We combine everything: for each length, each placement, each (head, direction) pair, and each food position not on the snake, we create one state and initialize its Q-values to 0.0 for every action.

def generate_all_valid_states(grid_size: int, actions: List[str]) -> Dict:
    """Generate all valid game states for a given grid size.

    Args:
        grid_size: size of the grid
        actions: list of available actions (used to initialize Q-values)

    Returns:
        Dict: dictionary mapping states to action dictionaries initialized to 0.0
              Format: {(head_pos, head_dir, body_tuple, food_pos): {action: 0.0, ...}, ...}
    """
    game_states = {}
    food_positions = [(x, y) for x in range(grid_size) for y in range(grid_size)]

    for length in range(1, grid_size * grid_size + 1):
        placements = generate_connected_placements(length, grid_size)

        for placement in placements:
            pairs = head_dir_pairs_for_placement(placement, grid_size)

            for head_pos, head_dir in pairs:
                body_tuple = tuple(placement)

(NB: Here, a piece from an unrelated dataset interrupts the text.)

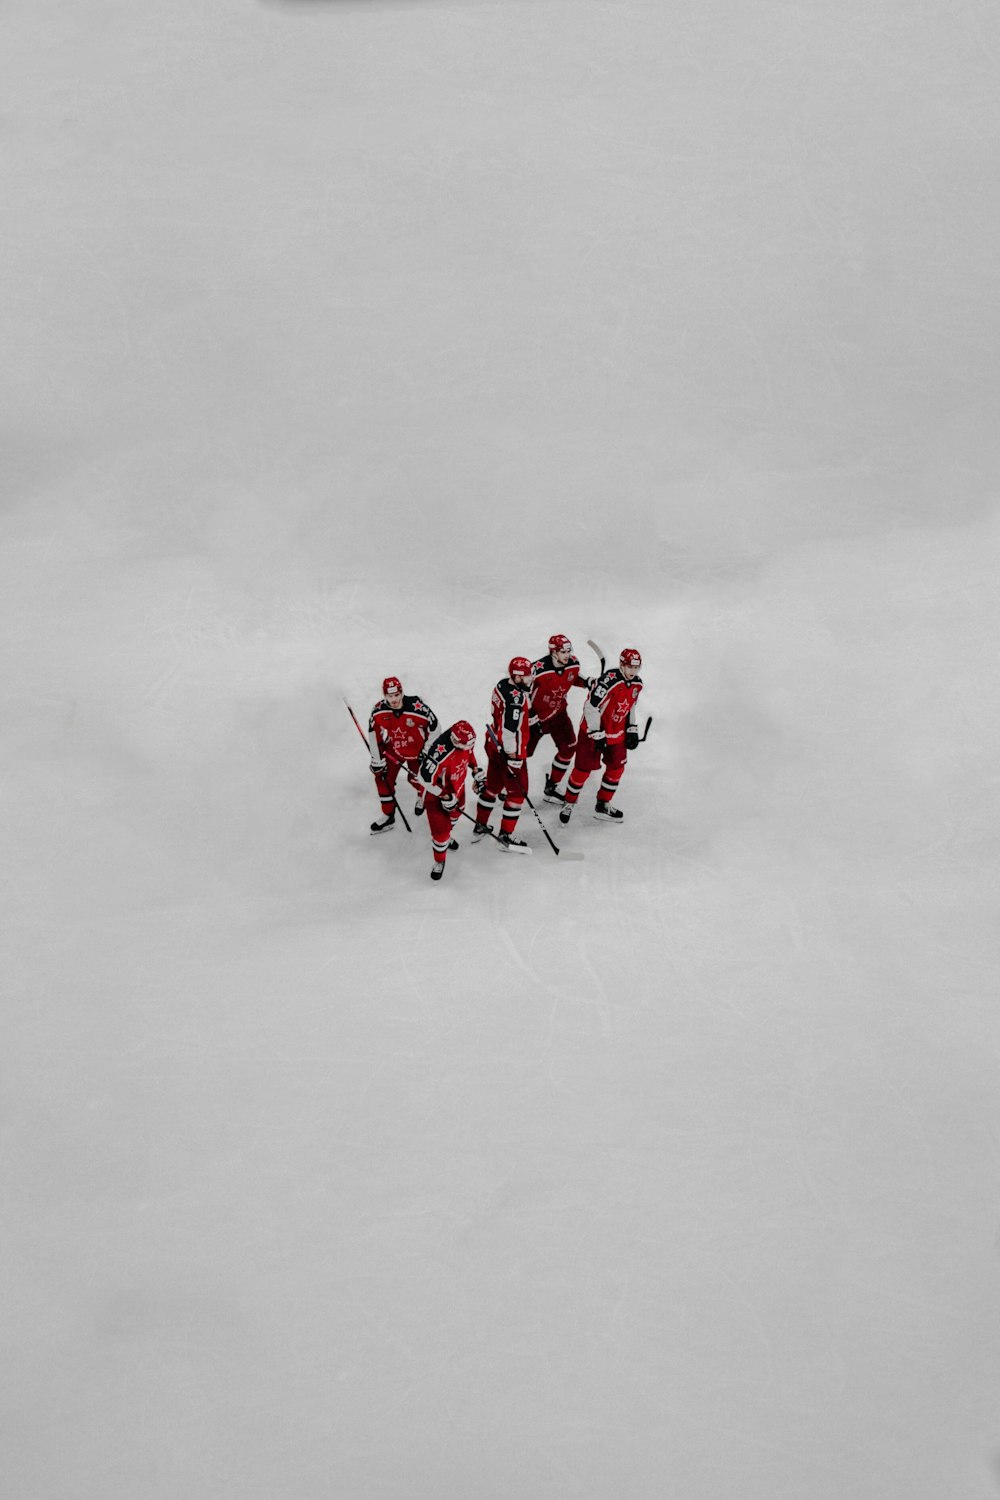 people in red jacket and pants playing ice hockey on snow covered field during daytime

                for food_pos in food_positions:
                    if food_pos not in placement:
                        state = (head_pos, head_dir, body_tuple, food_pos)
                        game_states[state] = {action: 0.0 for action in actions}

    return game_states
          

2. Create a Q-Learning Agent

The agent keeps a Q-table (state → action → value), learning rate, discount factor γ, and exploration rate ε. We initialize the Q-table with all valid states and zero Q-values.

import random
from typing import Dict, Tuple

class QLearningAgent:
    REWARD_FOOD = 10
    REWARD_DEATH = -10
    REWARD_STEP = 0

    def __init__(self,
                  actions: list,
                  learning_rate: float,
                  epsilon: float,
                  gamma: float,
                  grid_size: int,
                  num_episodes: int):
        """Define the attributes of the learning agent."""
        self.q_table = {}
        self.learning_rate = learning_rate
        self.epsilon = epsilon
        self.gamma = gamma
        self.actions = actions
        self.grid_size = grid_size
        self.num_episodes = num_episodes

    def set_q_table(self) -> Dict:
        """Initialize the Q-table with all valid game states and zero Q-values."""
        self.q_table = generate_all_valid_states(self.grid_size, self.actions)
        for action in self.actions:
            for state in self.q_table:
                self.q_table[state][action] = 0.0
        return self.q_table

We look up Q(s, a) and choose actions with epsilon-greedy: with probability ε we pick a random action; otherwise we pick an action with the highest Q-value for the current state (breaking ties randomly).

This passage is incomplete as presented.